Building a Data Seeder/Loader for your database…in Python

9 min readMar 28, 2023

Some time ago, I was challenged with making a data seeder for a social media app I was working on. What I came up with worked, it was modular and simple to use… but it was a complex piece of code with many logical complications and — like all such modules are, it was quickly made obsolete by changes to the data contract and the maintenance became a serious problem. I researched the subject a lot but didn't find anything satisfactory, so I came up with a class-reflection based approach which will deep dive into my classes and rely on the pure magic that SQLAlchemy brings.

Getting Started

First and foremost, I want to say that this article is truly a love letter to SQLAlchemy. I have been using it for many many years and the only ORM that comes anywhere near close to it is Entity Framework in C#. For those of you purists who say ‘just write the SQL by hand!’ — folly I say, there's nothing, including performance tuning, you cant do with SQLALchemy if you know what your doing.

That said, we have a few steps that need to be followed in order for this to actually work and be maintainable (or need none at all)

First, what is reflection?

Reflection refers to the ability for code to be able to examine attributes about objects that might be passed as parameters to a function. For example, if we write type(obj) then Python will return an object which represents the type of obj.

By using reflection, we can create an *abstract* and *programmatic* way to discover our data types, foreign key relationships, and constraints.

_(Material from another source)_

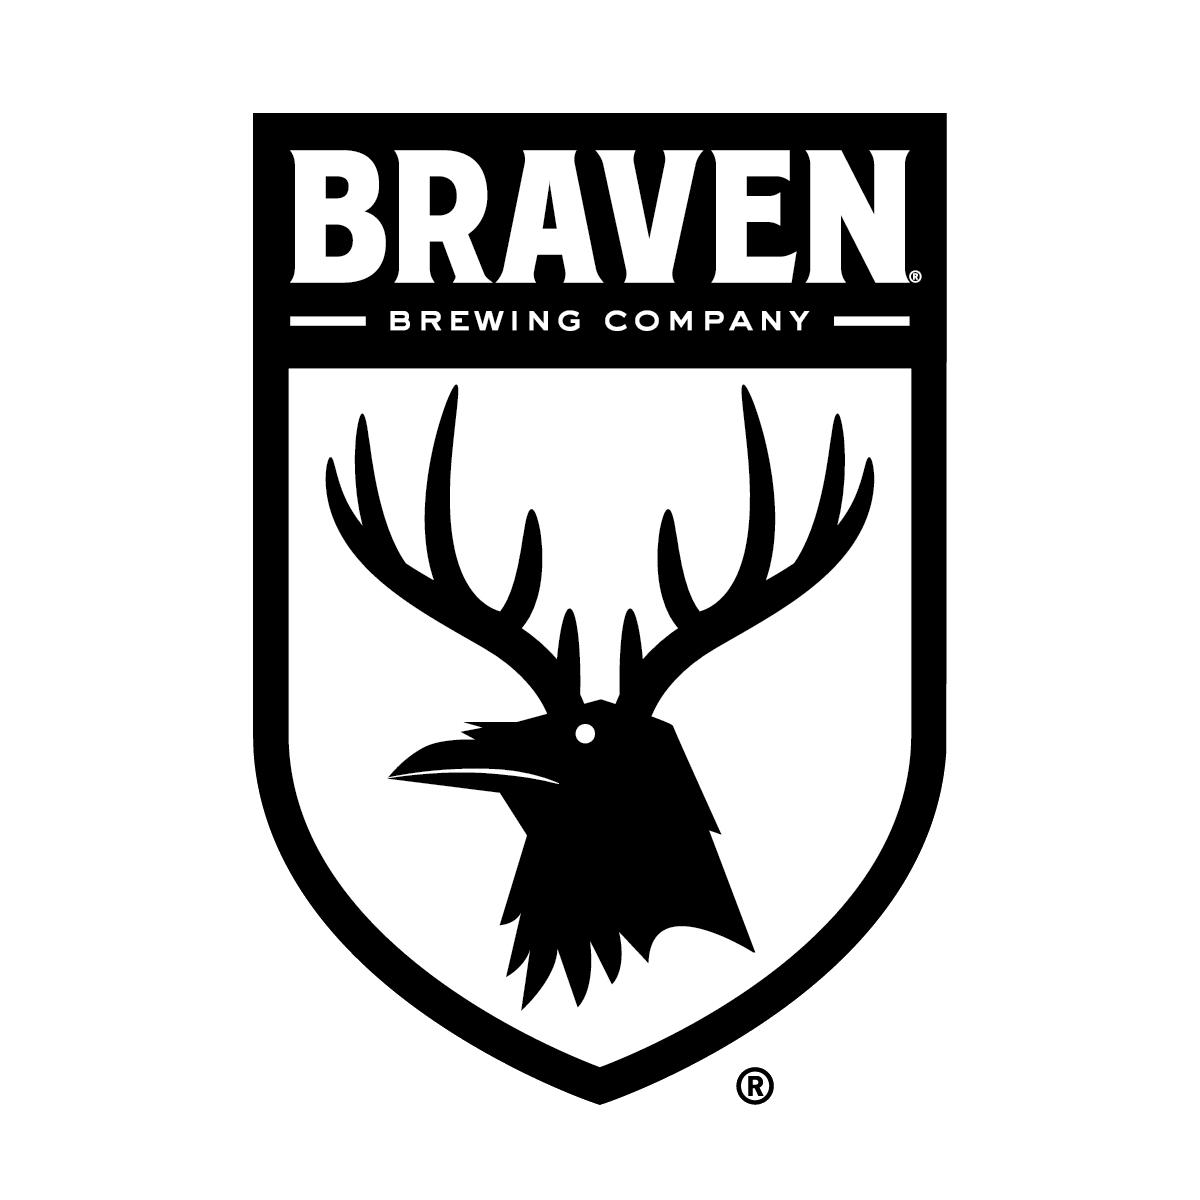 Braven.png

lets start by defining our data models:

import contextlib
import uuid
from datetime import timedelta
from typing import List, Iterable
from sqlalchemy import create_engine, MetaData, DateTime, String, Integer, Boolean, Table, Column, Interval
import pytz
from random import randint, choice
from faker import Faker
from types import SimpleNamespace
from sqlalchemy.dialects.postgresql import UUID
from sqlalchemy.exc import IntegrityError
from sqlalchemy.ext.declarative import declarative_base
from sqlalchemy.orm import registry, sessionmaker

# Explicitly import the registry and declarative base for reflection
mapper_registry = registry()
DeclarativeBase = declarative_base()
Base = mapper_registry.generate_base(cls=())


class ModelMixin(Base):
     # we build a mixin with a common method we would like to impl
     @classmethod
    def get_or_create(cls, *_, **kwargs):
        context_id = kwargs.get("id")
        user = cls.session.query(cls).filter_by(id=context_id).first()
        if not user:
            _object = cls(**kwargs)
            cls.session.add(_object)
            cls.session.commit()
            return _object
   

class User(ModelMixin):
    __tablename__ = "user"

    id = Column(UUID(as_uuid=True), primary_key=True, default=uuid.uuid4, index=True)
    email = Column(String(255))
    username = Column(String(255))
    password = Column(String(255))
    active = Column(Boolean)
    createdAt = Column(DateTime, default=lambda: datetime.now(pytz.utc))
    updatedAt = Column(DateTime)
    accessToken = Column(String(255))

    agentId = Column(
        UUID(as_uuid=True),
        ForeignKey("agent.id", ondelete="CASCADE", link_to_name=True),
        index=True,
    )
    createdByAgent = relationship(
        "Agent",
        foreign_keys="User.agentId",
        backref=backref("users", single_parent=True),
   )

Here we have a User object which has a foreign key relation to an Agent object, the user was created by the agent and back references his parent.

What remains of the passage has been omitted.